It has now been about a week since I have last written here. I am not sure there was much I wanted to remember about that week. John Lewis died, an additional two hundred thousand Americans have become infected with coronavirus, Be a Dork Day came and went unnoticed, he who is not my president remains living in White House, HRM cut his hair short, Naida continues writing book two of her memoirs and I press on in my exploration of the variety and vagaries of hypochondria. Oh, I also upgraded my operating system and may have lost all the information stored on my remote disc. Now that is serious. People over 70 should not be forced to upgrade anything. It is a danger to themselves and to others.
B. POOKIE’S MORNING:
I thought I would record my morning today. I woke up at 7:30 AM with Naida nudging me because my alarm was going off and I, as usual, did not hear it. The dog began barking. I sat up grabbed my phone off the end table and turned off the alarm. I then sleepily began going through the news headlines on the phone followed by the emails that may have arrived overnight. Then, I checked the weather to find out what the temperature would be at 9AM this morning when I go swimming — 66 degrees, colder than I would like. I looked up the latest world coronavirus statistics after which I checked 49rs Webzone for the latest news about the Niners. I then reviewed Facebook. Completing that, I put the iPhone aside, put on my swimming trunks, peed, put on a white bathrobe, and then combed my hair and brushed my teeth. While brushing my teeth, I looked down into the basin and wondered why my basin is always so much dirtier than Naida’s and why my drain clogs up quicker than hers. Deciding that that is one of life’s great mysteries, I head downstairs proceeded by Boo-boo the Barking Dog announcing my descent.
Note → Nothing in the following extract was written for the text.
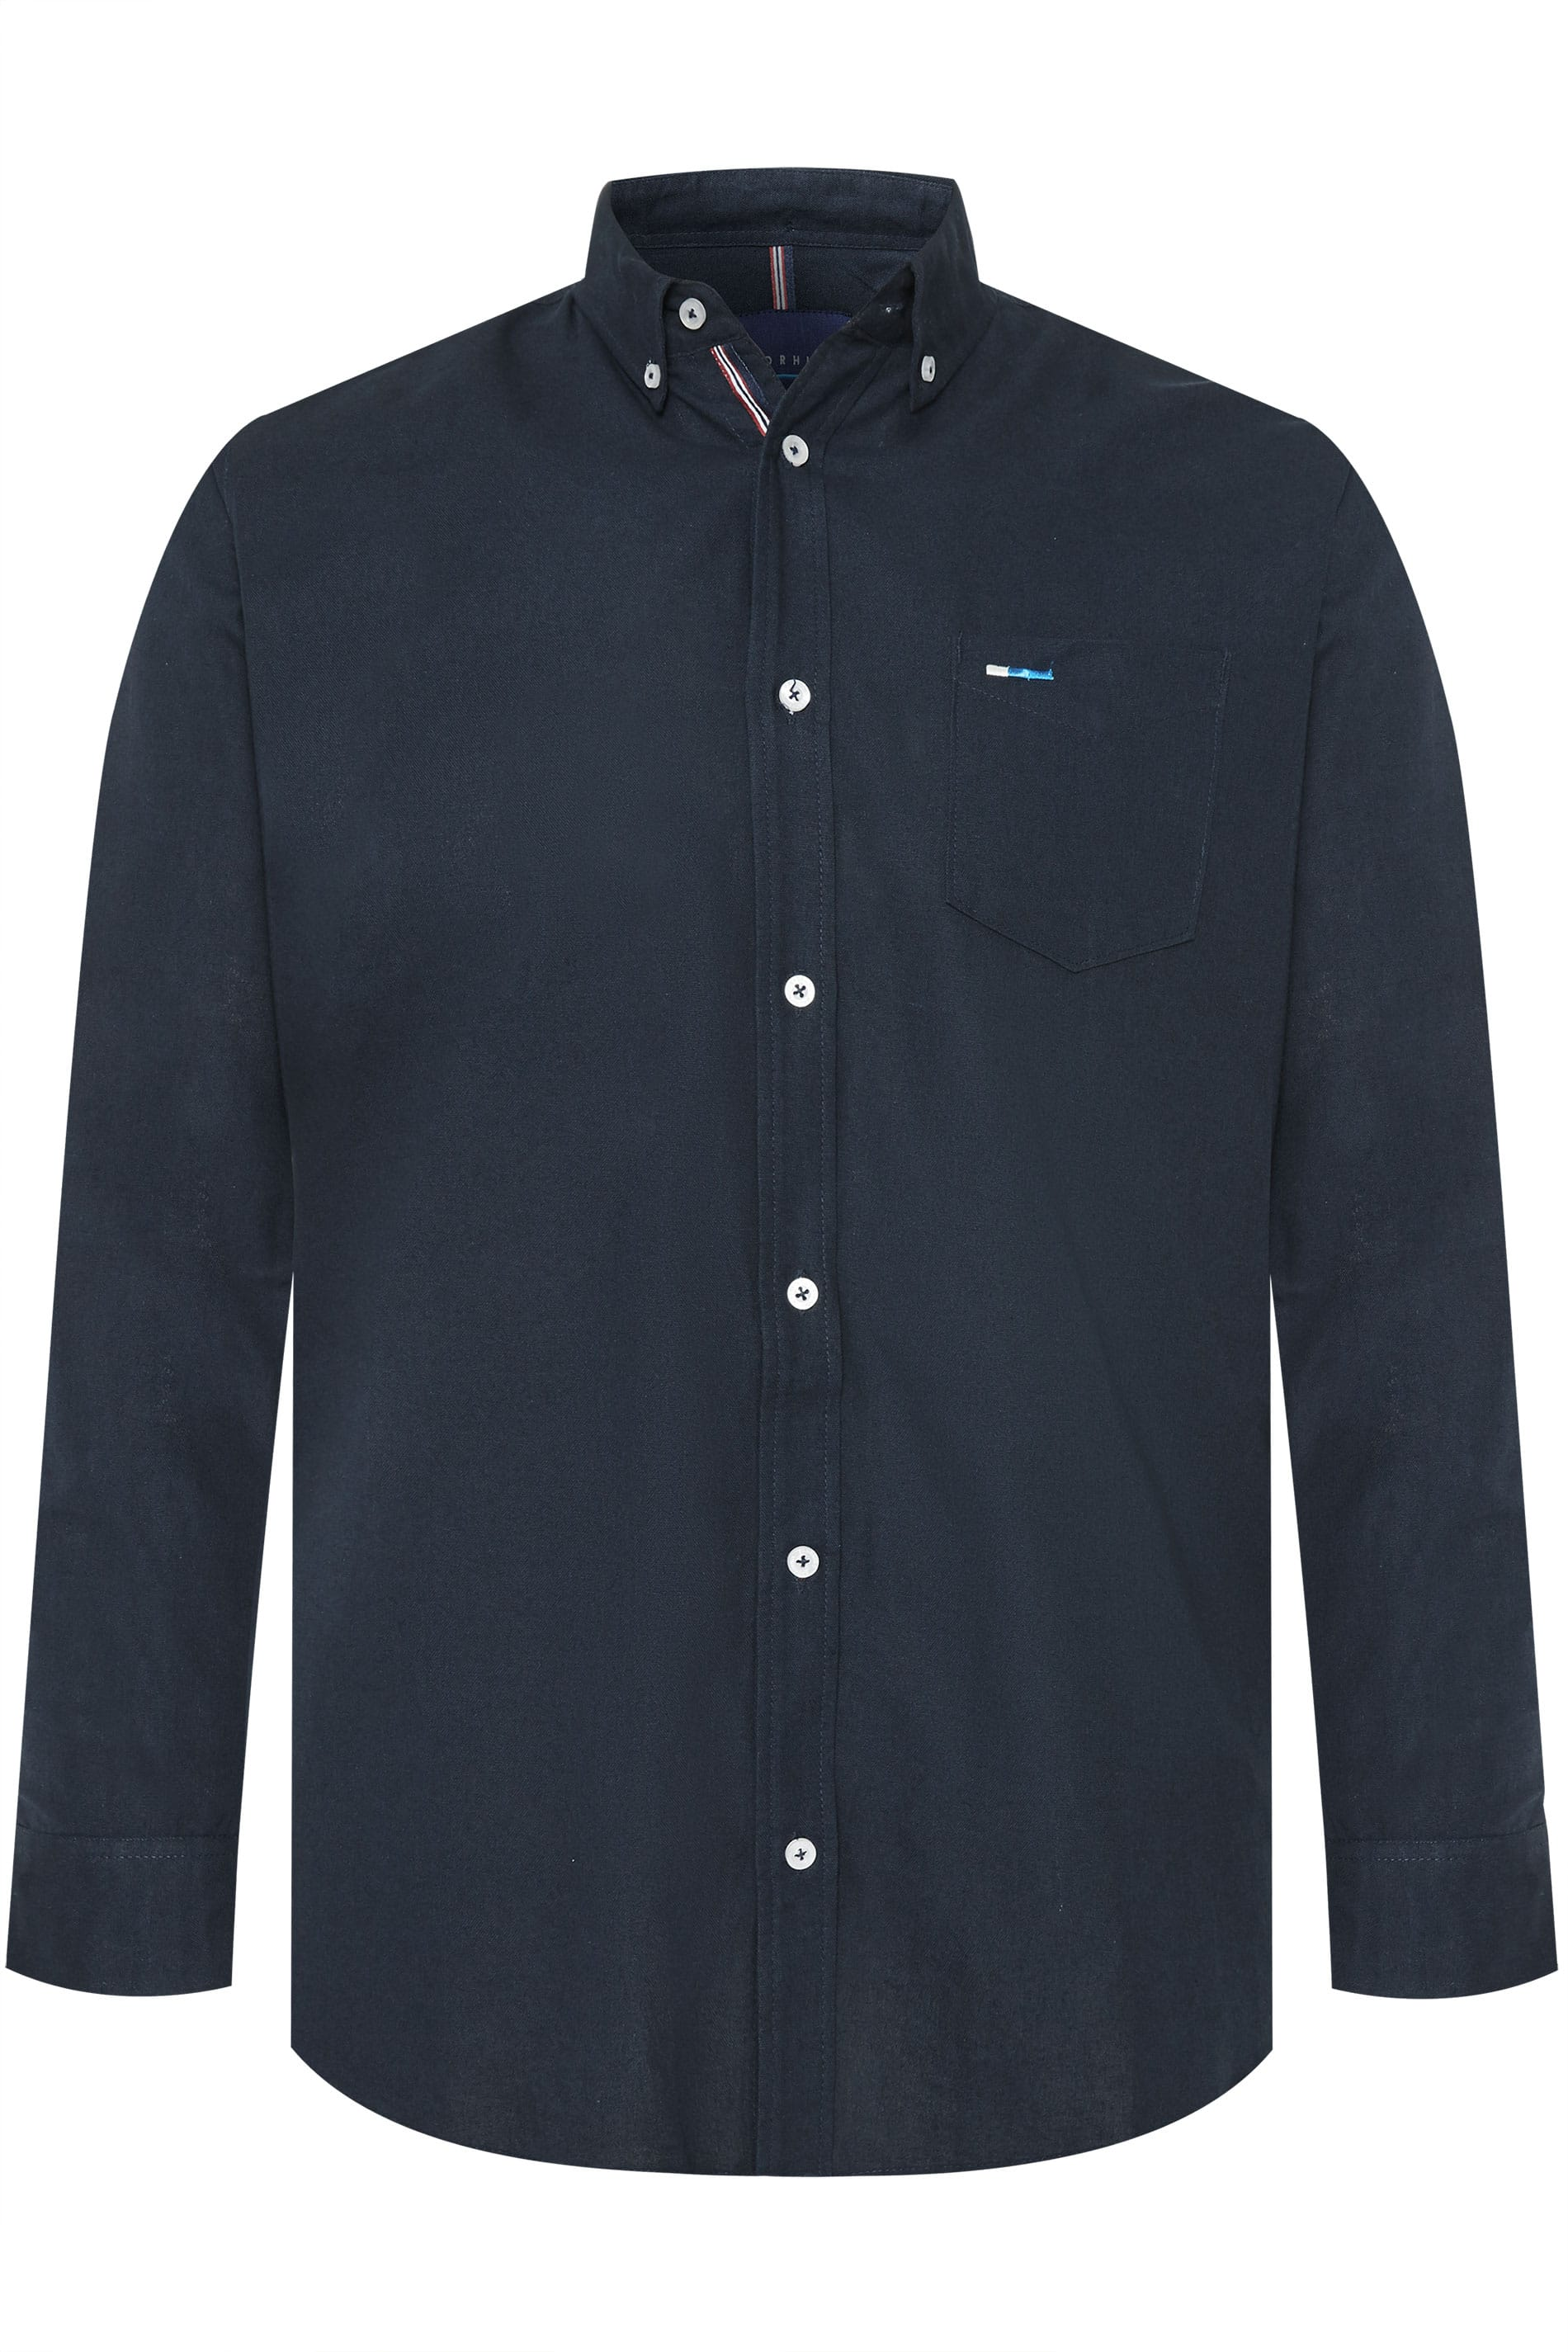 BadRhino Navy Cotton Long Sleeved Oxford Shirt

Naida is sitting in the recliner watching CNN. I sing a little bit of Hello! Ma Baby, kiss her on the top of her head and then go into the kitchen and make some coffee. I returned to the studio sit in my recliner and open up the computer. I checked Niner’s Nation for more niner’s news, Huffpost, Daily Kos, Facebook (again) and my two blogs in that order. By about then, I realized it is nine o’clock and I will be late for my assigned pool time. I leaped from the recliner, put on my sun glasses, picked up my faux shillelagh cane and rushed to the pool.
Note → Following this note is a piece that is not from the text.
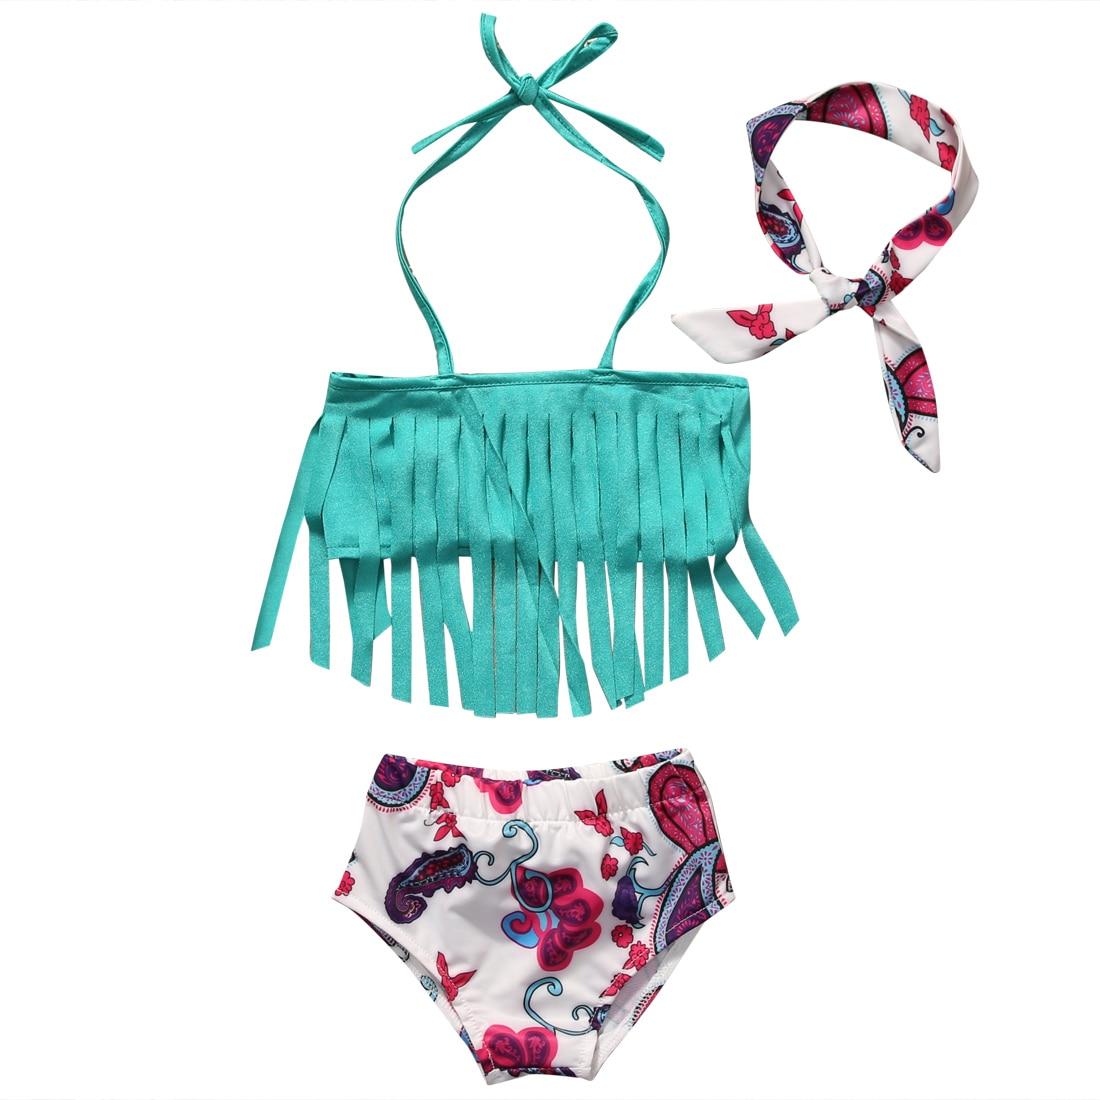 ad2f899601e5 Girls 3 pcs Tankini Bikini Set Bathing Suit Triangle Beachwear Kawaii Kids  Swimwear

At the pool, I lean my cane against a railing, insert earplugs in my ear, remove my robe and contemplate whether the water is too cold and if I should just give up and return home. I put my foot into the water. It felt warm. I decided to go in. I went in up to my waist and thought about how cold the water will feel once I submerge myself. Again the option of returning passed through my mind. I dive in.
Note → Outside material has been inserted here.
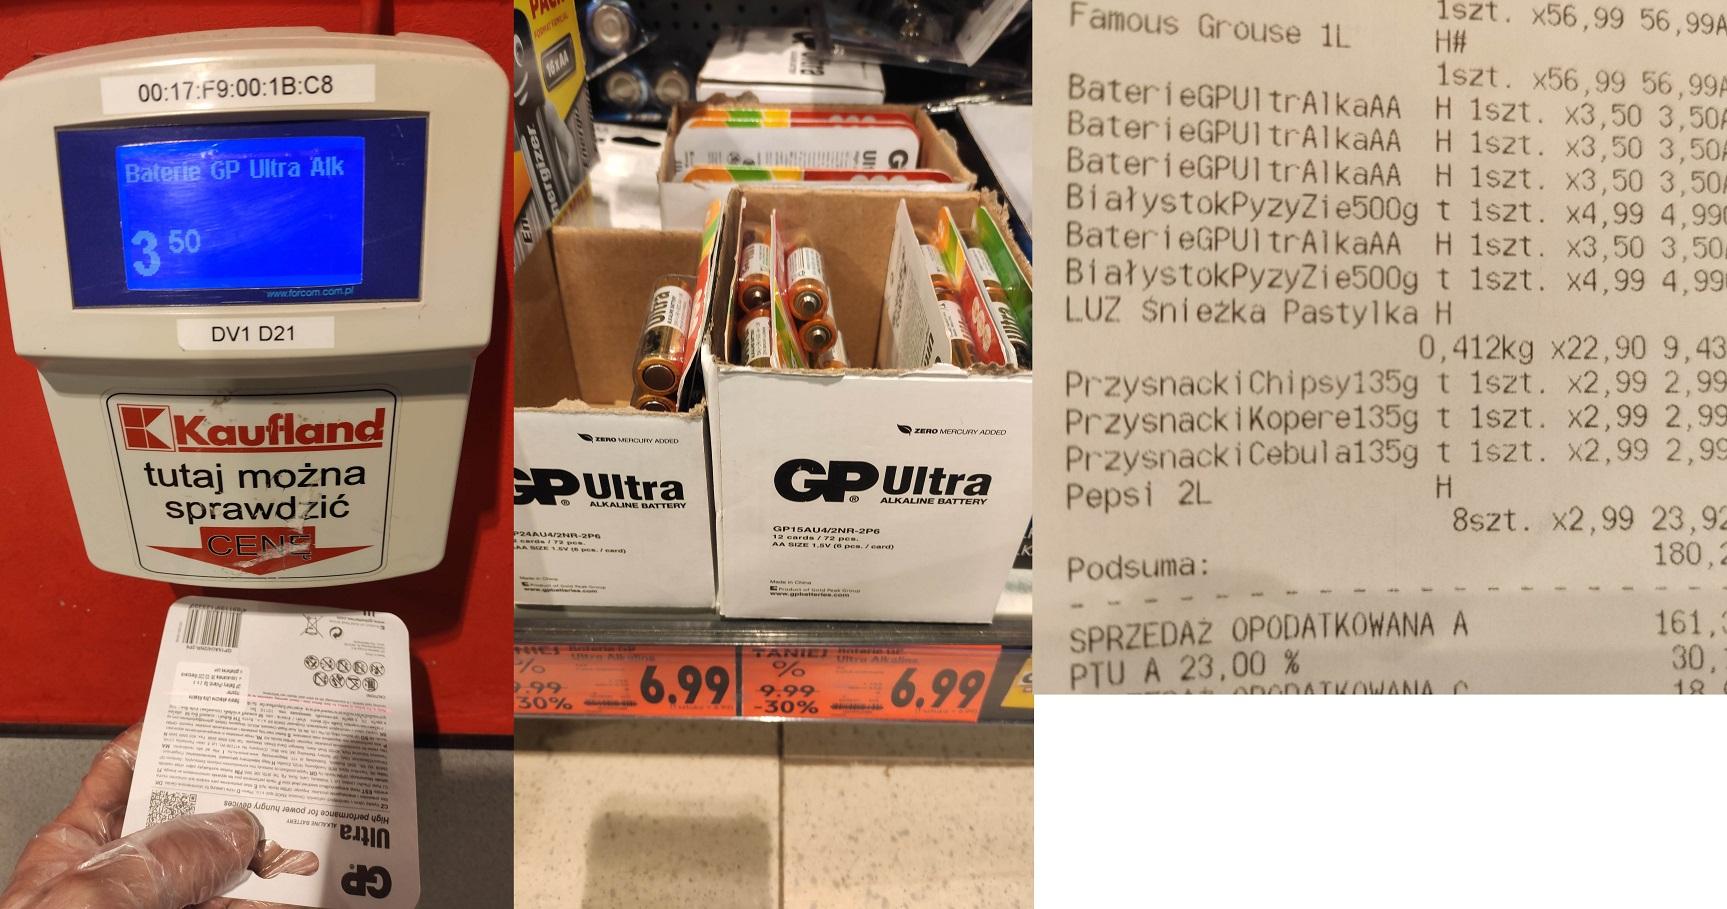 Baterie paluszki GP Ultra AA 6szt. Kaufland Opole

My usual routine is five laps swimming, then ten laps running across the low end of the pool, then four swimming laps and nine runs, followed by three and eight and finally four and seven. Some may think I suffer some form of obsessive compulsive personality disorder which I most probably do have, but in this case, I simply like to count — I count my steps, sometimes my breaths and so on. Unfortunately or fortunately, the sparkling of the sunlight on the water, the movement of the branches of the trees as they wave back and forth in the breeze, the undulations of the flowers that have fallen into the pools, and the hellos and waves from the people as they walk by the pool make me forget where I may be in my count. Anyway, after about thirty to forty minutes, I finish, get out of the pool, pull on my robe, remove the ear plugs, put on my glasses, grab my cane and leave the pool.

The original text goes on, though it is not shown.